L’exportation des produits de fauche, destinée à limiter l’enrichissement du milieu, concerne
les pelouses sèches (calcicoles ou acidiphiles) et les prairies humides.
Notons toutefois que la diversité floristique des bandes de servitude, tout comme les continuités
écologiques qu’elles peuvent présenter sont avant tout tributaires de l’intérêt floristique des
milieux traversés. En effet, les paysages de grande culture (grande séparation entre les milieux
naturels) et très fragmentés (important morcellement des massifs forestiers) sont des éléments
défavorables dans les deux cas.
Perspectives
Le rôle supposé des bandes de servitude des gazoducs en terme de continuité écologique a
été conforté par les trois années d’études de terrain menées dans le cadre de la convention.

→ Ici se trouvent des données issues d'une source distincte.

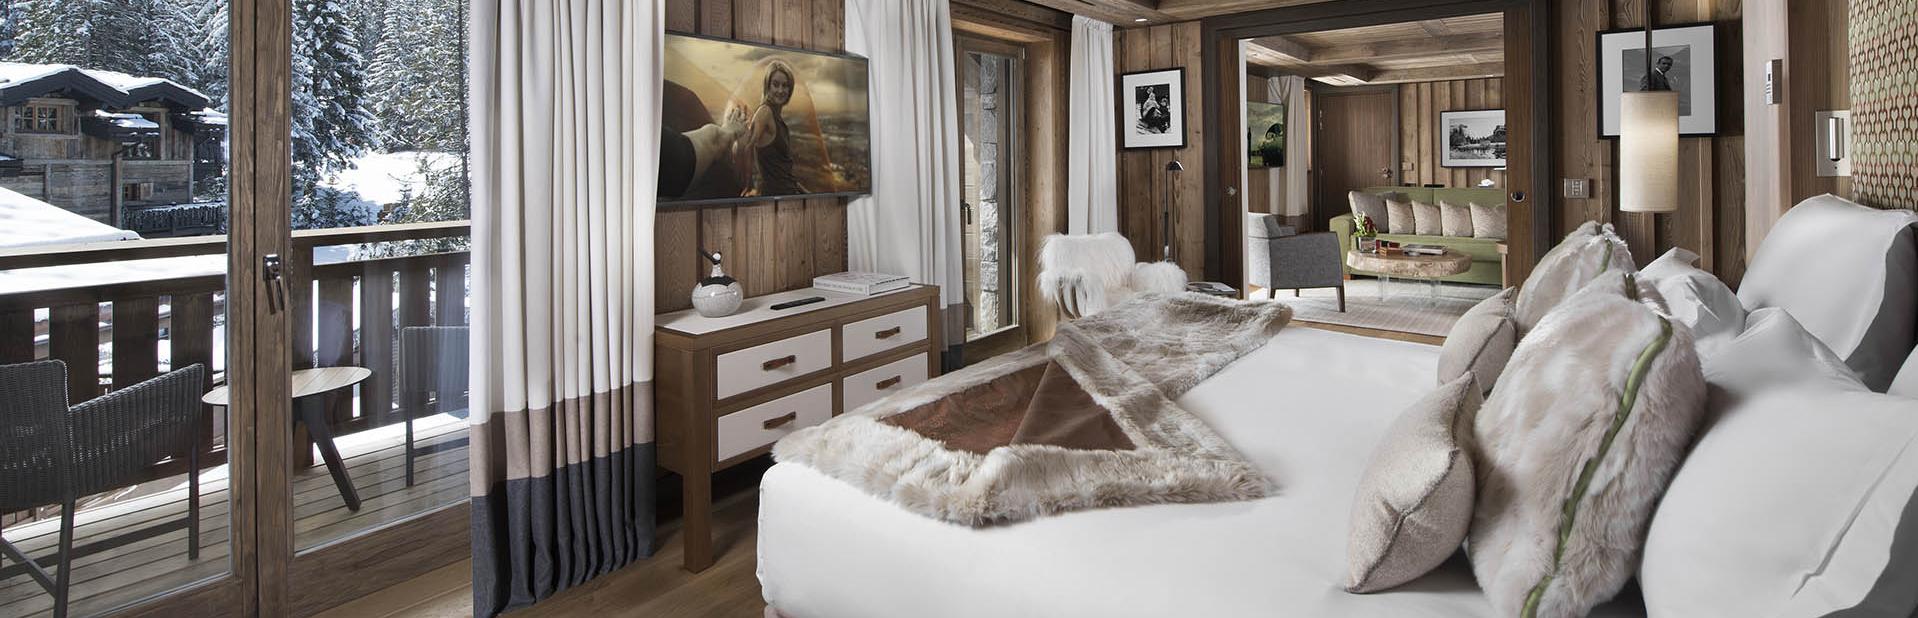 Hotel Barriere Les Neiges Courchevel

Bien que ces dépendances vertes semblent participer à la mise en réseau des espaces
naturels présentant un fort intérêt écologique, les liaisons qu’elles peuvent créer d’une manière
concrète restent à étudier.
Le renouvellement du partenariat pour une durée de 3 ans permettra de réaliser des études
plus particulières sur une région écologique de la vallée de la Seine (Bassée). Ce travail vise à
favoriser la mise en place d’une trame verte et bleue, à l’aide de la cartographie des habitats
naturels et semi-naturels, tout en réalisant un focus sur une espèce remarquable, telle que la
Violette élevée (Viola elatior Fr.). Ceci permettra notamment d'analyser plus précisément les
continuités écologiques à une échelle locale, ainsi que les zones de ruptures existantes. On
évaluera au final comment s’insère le réseau des gazoducs dans ce schéma (zones nodales,
zones tampon, continuités).
A côté de cela, des études ponctuelles sur des sites industriels appartenant à GRTgaz
identifieront les éléments à prendre en compte en vue d’un aménagement écologique en faveur
de la biodiversité, complétées par des suivis dans le temps.